Reasoning models are a class of AI models that perform extended internal thinking before producing a response. Instead of answering immediately, they work through the problem step by step — evaluating possibilities, checking their logic, and refining their answer before presenting it.

How Reasoning Works

When you send a request to a reasoning model, it goes through two phases:

  1. Reasoning phase — The model thinks internally. This produces reasoning content that may or may not be visible in the response.
  2. Response phase — The model presents its final answer based on its reasoning.

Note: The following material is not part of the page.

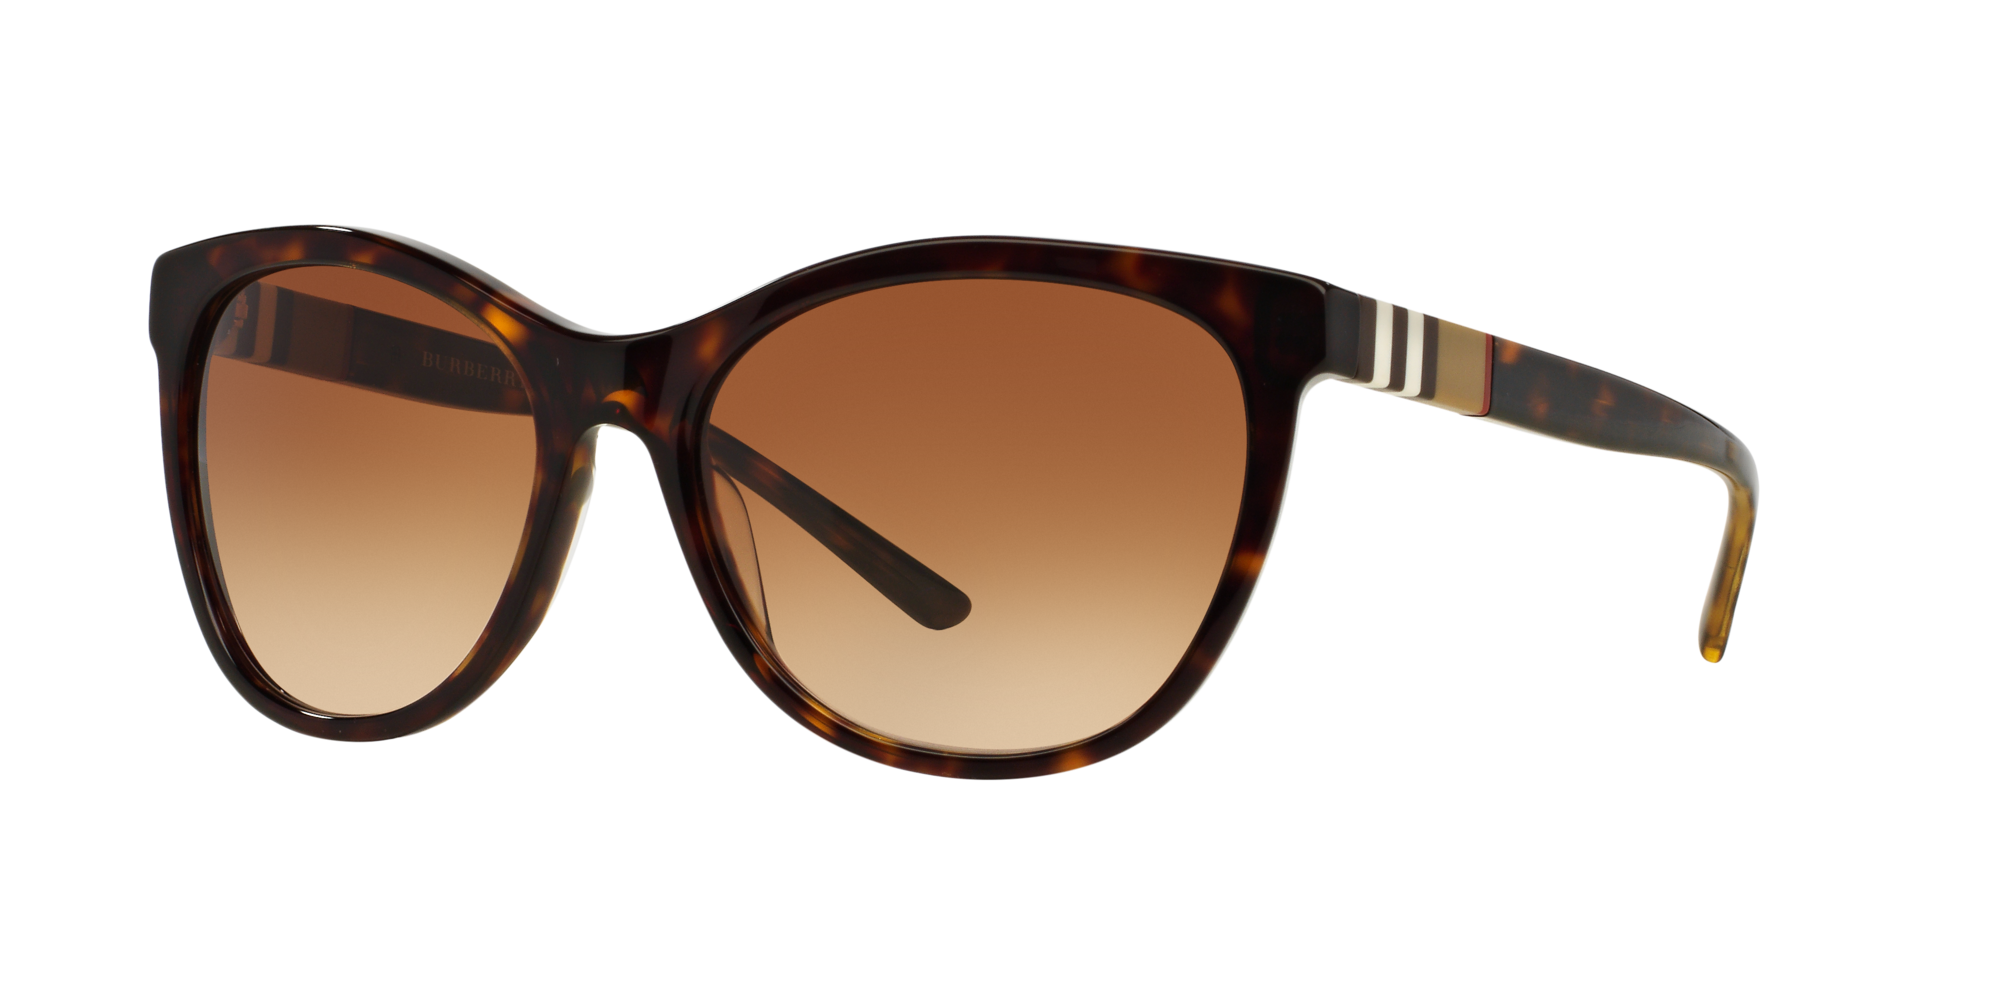 burberry shades for ladies
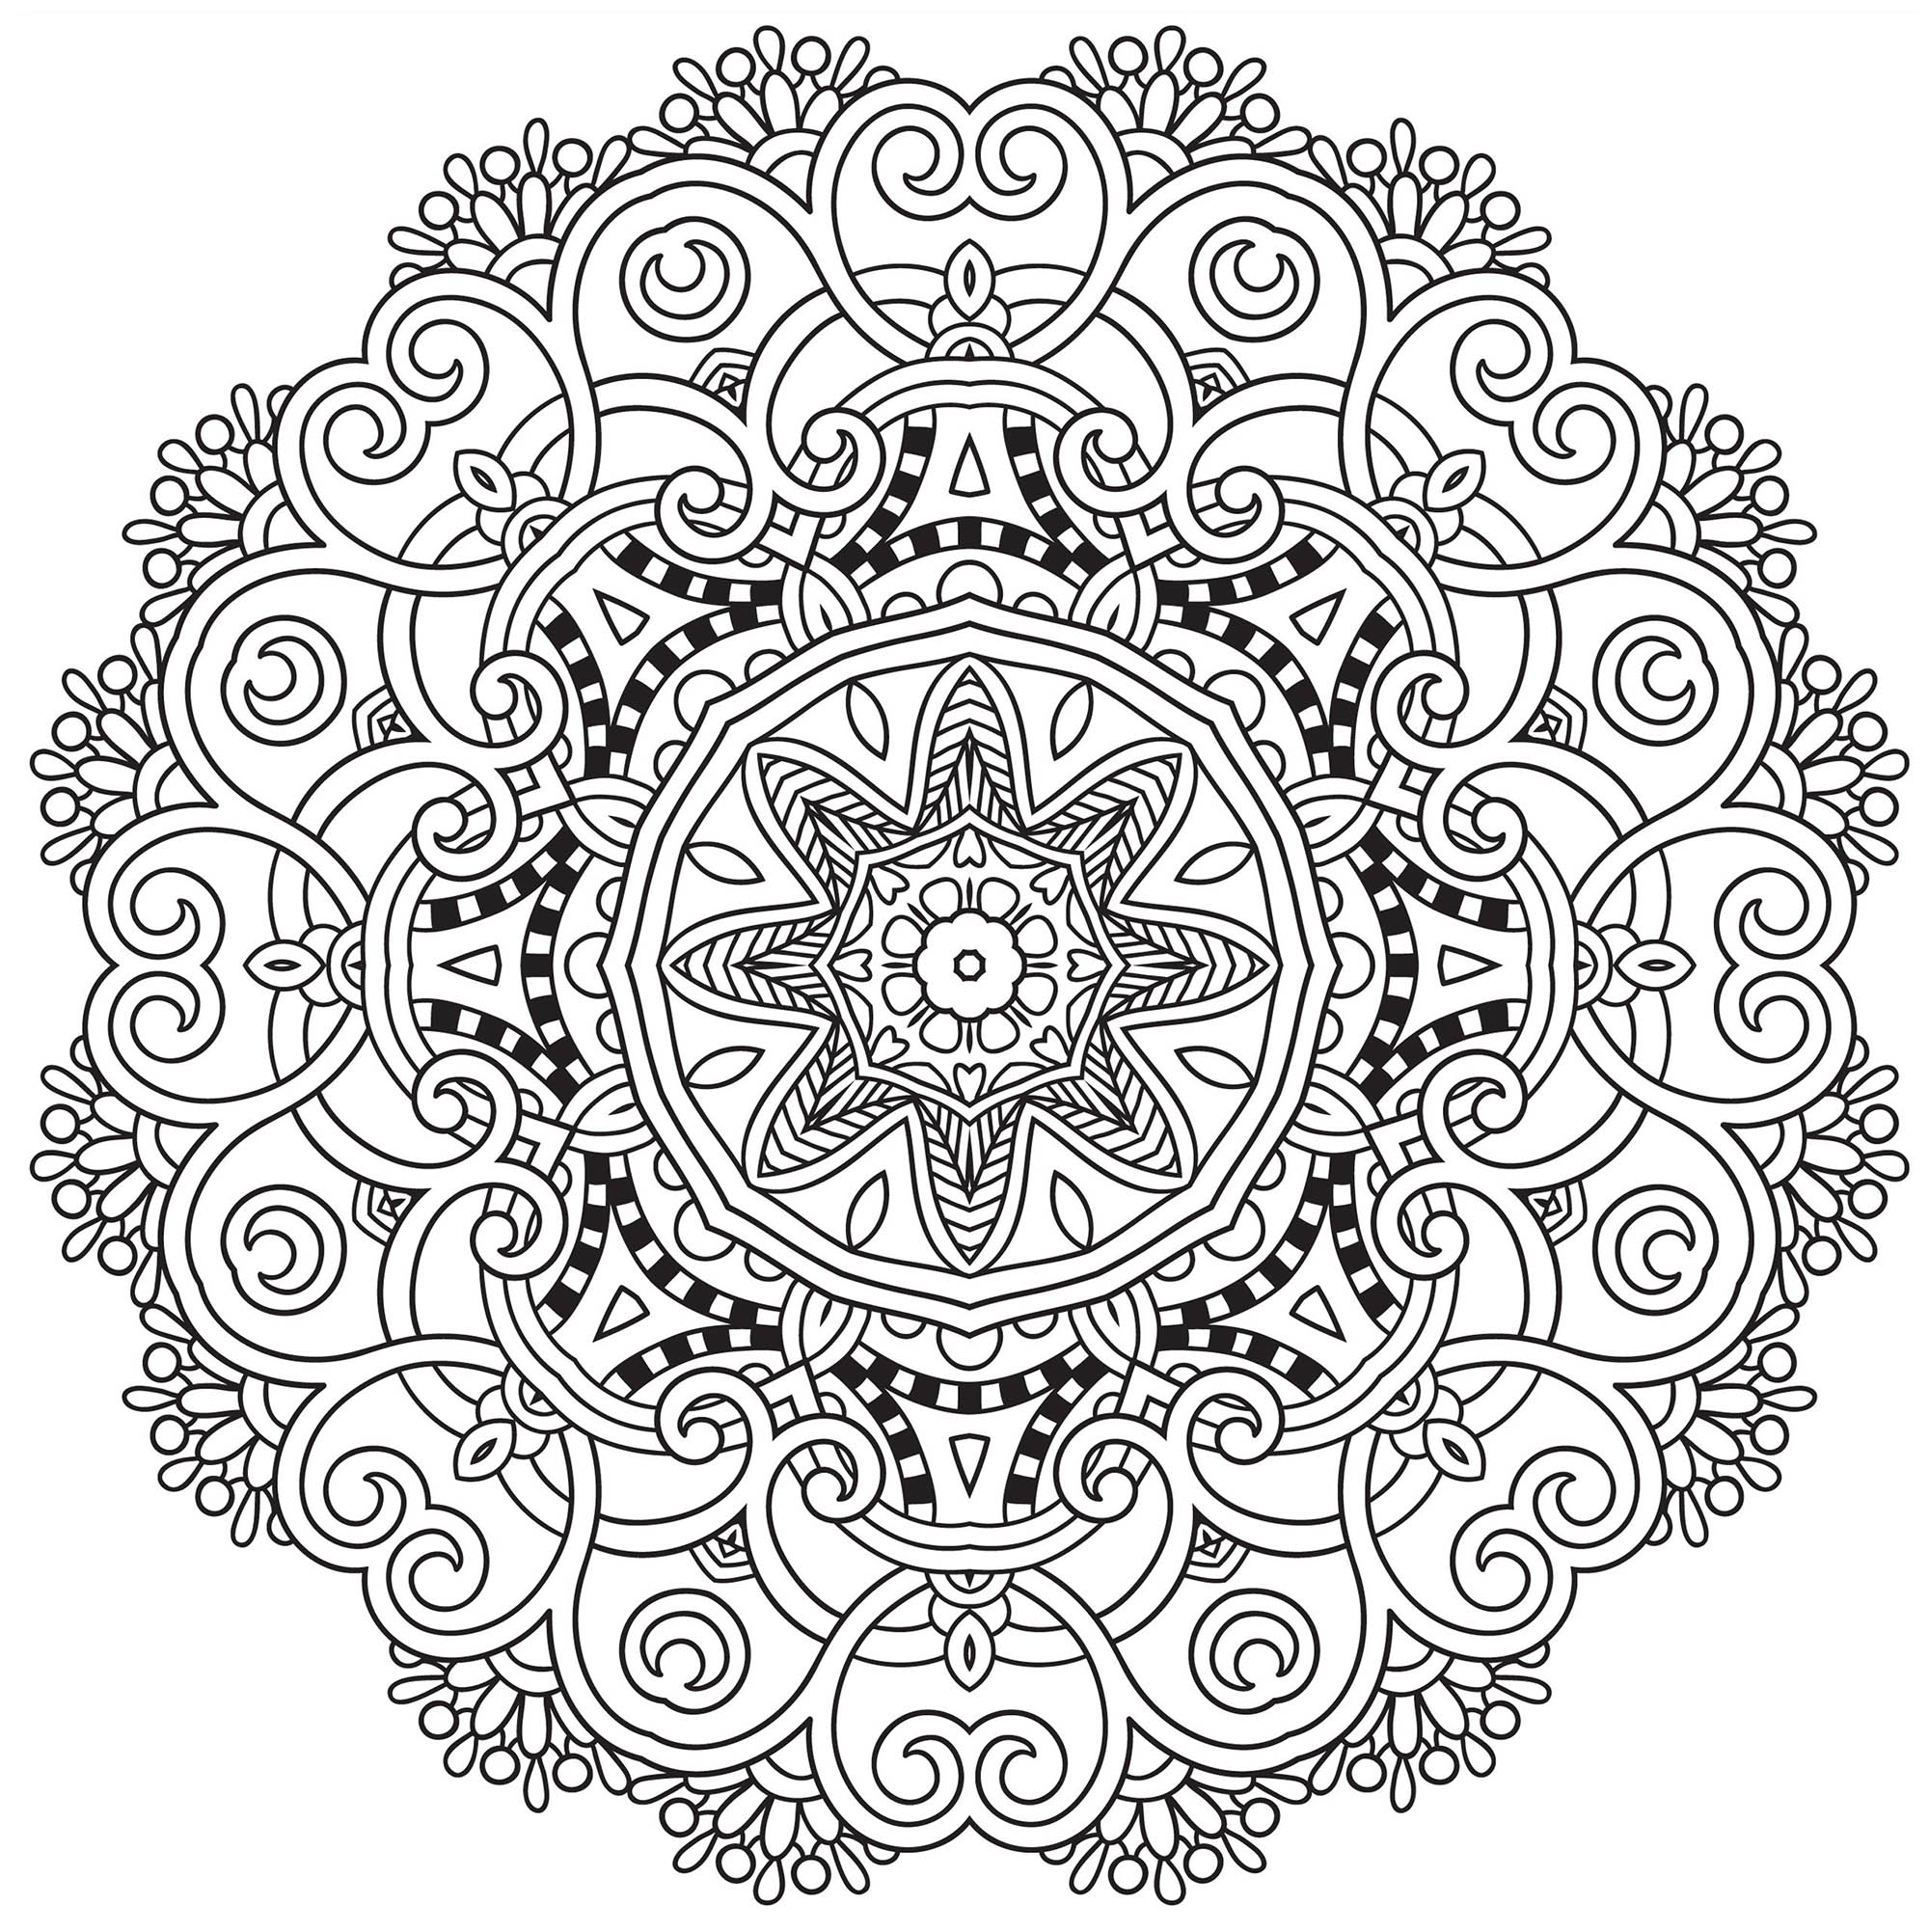 When the plant world fits perfectly into a Mandala drawing, that's what it gives. You can print it for free ! So enjoy ! This is really the perfect Mandala, don't hesitate to share with us the result.

In the streaming response, reasoning is surfaced through special events:

event: response.reasoning.started
event: response.reasoning.delta (incremental reasoning text)
event: response.reasoning.completed

Supported Reasoning Models

ModelProviderReasoning Style
o3OpenAIExtended deep reasoning
o4-miniOpenAIFast, efficient reasoning
claude-opus-4AnthropicExtended thinking mode
gemini-2.5-proGoogleBuilt-in reasoning

Check Available Models for the current list.

Making a Request

Use a reasoning model the same way as any other model — just specify the model ID:

curl https://api.aitronos.com/v1/model/response \
 -H "X-API-Key: $FREDDY_API_KEY" \
 -H "Content-Type: application/json" \
 -d '{
 "organization_id": "org_your_org_id",
 "model": "o3",
 "inputs": [
 {"role": "user", "content": "Prove that there are infinitely many prime numbers."}
 ]
 }'

Accessing Reasoning Content

When streaming, reasoning content is included in response.reasoning.delta events:

import requests

response = requests.post(
 "https://api.aitronos.com/v1/model/response/stream",
 headers={"X-API-Key": os.environ["FREDDY_API_KEY"]},
 json={
 "organization_id": "org_your_org_id",
 "model": "o3",
 "inputs": [{"role": "user", "content": "What is 17 * 23?"}],
 },
 stream=True,
)

for line in response.iter_lines():
 if line.startswith(b"data: "):
 import json
 event = json.loads(line[6:])
 if event.get("event") == "response.reasoning.delta":
 print("Thinking:", event["delta"])
 elif event.get("event") == "response.output_text.delta":
 print("Answer:", event["delta"])

Cost Considerations

Reasoning models consume additional synapses for the thinking process, even when reasoning content is not shown in the response. Longer, more complex problems require more reasoning steps and thus more synapses.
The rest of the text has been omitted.